Illumina demultiplexed data with inline index sequences (index5+index7)

afrinaad · December 30, 2019, 3:49pm

Hi, I am very new in bioinformatics and I'm learning to process my raw data by myself right now. Qiime2 seems like a suitable tool for me to start with.

However, I stumble upon some issue with my data. I have demultiplexed data (as I received R1 and R2 fastq file and I didn't receive a third file from sequencer) and try to follow "Atacama soil microbiome" tutorial. A researcher suggests that I have to demultiplex again as there are index sequences (dual-index?) at the header of my fastq.

BUT, I notice that the indexes are not the same for all reads in the file as shown below (the first 2 lines) where the difference is at the first base of the index:

@M04129:83:000000000-CHCFJ:1:1101:14877:1164 1:N:0:NGAGGCTG+NTCTAGCT ATAACAGGTCTGTGATGCCCTTAGATGTTCTGGGCCGCACGCGCGCTACACTGAAGGGATCAGCGTGA

@M04129:83:000000000-CHCFJ:1:1101:21711:1452 1:N:0:CGAGGCTG+TTCTAGCT ATAACAGGTCTGTGATGCCCTTAGATGTTCTGGGCCGCACGCGCGCTACACTGAAGGGATCAGCGTGT

Therefore, after hours of reading tutorials and questions, my next plan is either:

use q2-cutadapt to demux/trim the index out; but I would have to do it multiple times as there are different indexes used in the fastq (like this or this)
the file is actually already demultiplexed, so I can just proceed to "Moving Pictures" tutorial

My main problem right now is the existence of different index sequences at the header in fastq file where I am not sure what to do about it.

Thank you so much for all the help in advance and happy new year!

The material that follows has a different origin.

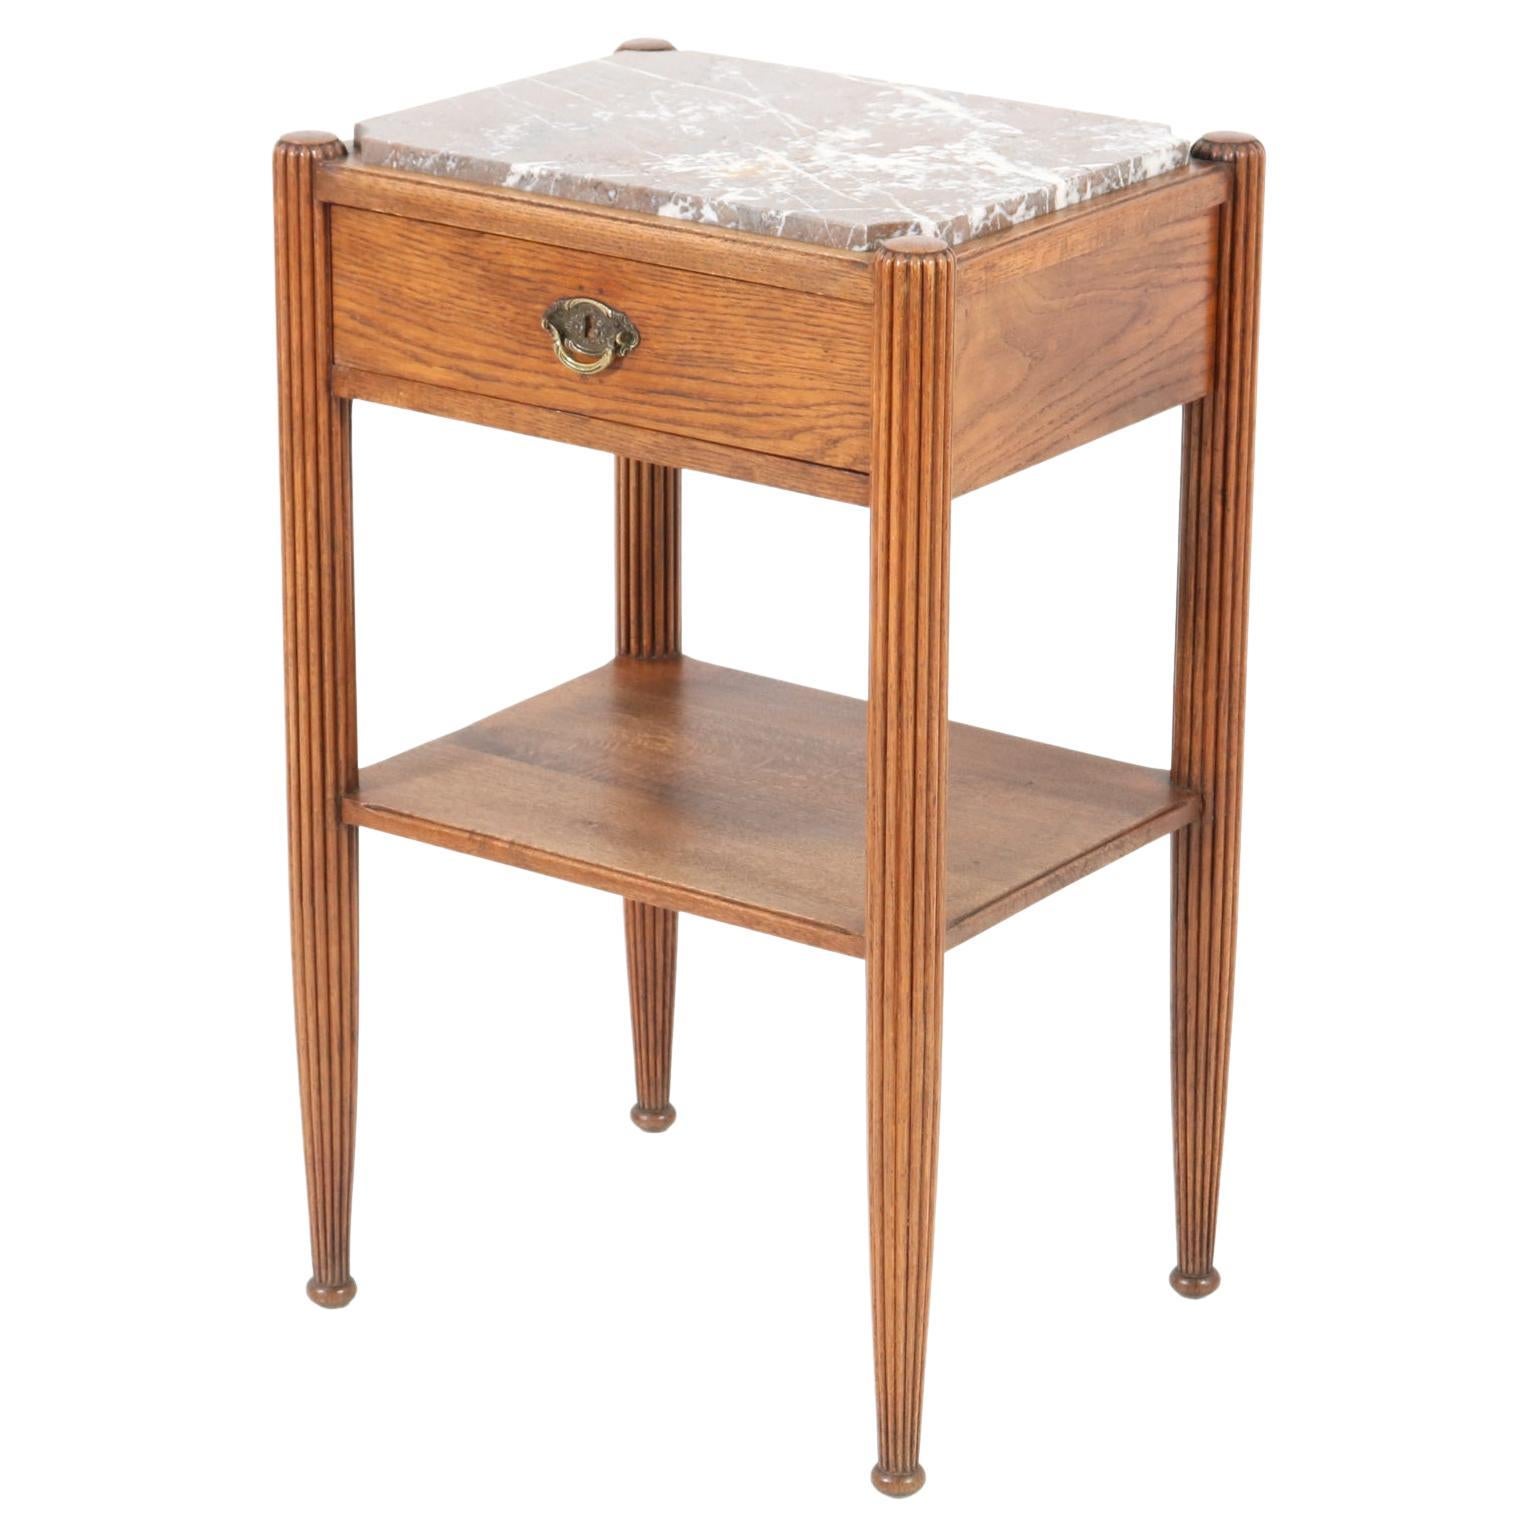 Oak Art Deco Side Table with Marble Top, 1930s

Nicholas_Bokulich · January 8, 2020, 5:15pm

Hi @afrinaad,
Welcome to the QIIME 2 forum! and I apologize for the delayed response.

QIIME 2 does support dual-index read demultiplexing (via the q2-cutadapt demux-paired method), but only when the index sequences are in-line with the sequences, not in the header line.

Since the reads are already demultiplexed yes I recommend just proceeding

I am not sure what to say about that — you may want to consult the method that you used for demultiplexing. It looks like the issue is that index sequences with ambiguous bases are being demultiplexed, whereas they should probably be thrown out... a sequence error in the index read can be bad news and is probably only occurring in a fraction of your reads so I would advise "playing it safe" and throwing out those reads. This is not something that QIIME 2 can do, however, so this should be done prior to importing reads into QIIME 2 (and ideally whatever method you used for demultiplexing might have an option to do this automatically).

Good luck!

afrinaad · January 13, 2020, 12:40pm

I guess I missed this post. I didn't know dual-index is already available now. Thank you!

I will proceed with this then in case the index are still in the sequences. This is because if the reads were demultiplexed, what is the purpose of the index sequences at the header line.

afrinaad · January 14, 2020, 3:07am

Following the Moving Pictures tutorial, I did demux summarize to view the graphs of my merged reads but this is what I get:

It looks so weird compared to the one in the tutorials as there is not black bar (the main data) shown.

Nicholas_Bokulich · January 14, 2020, 3:13am

What sequencing platform did you use? See here:

afrinaad · January 14, 2020, 8:56am

The sequencing platform is NovaSeq6000 250PE.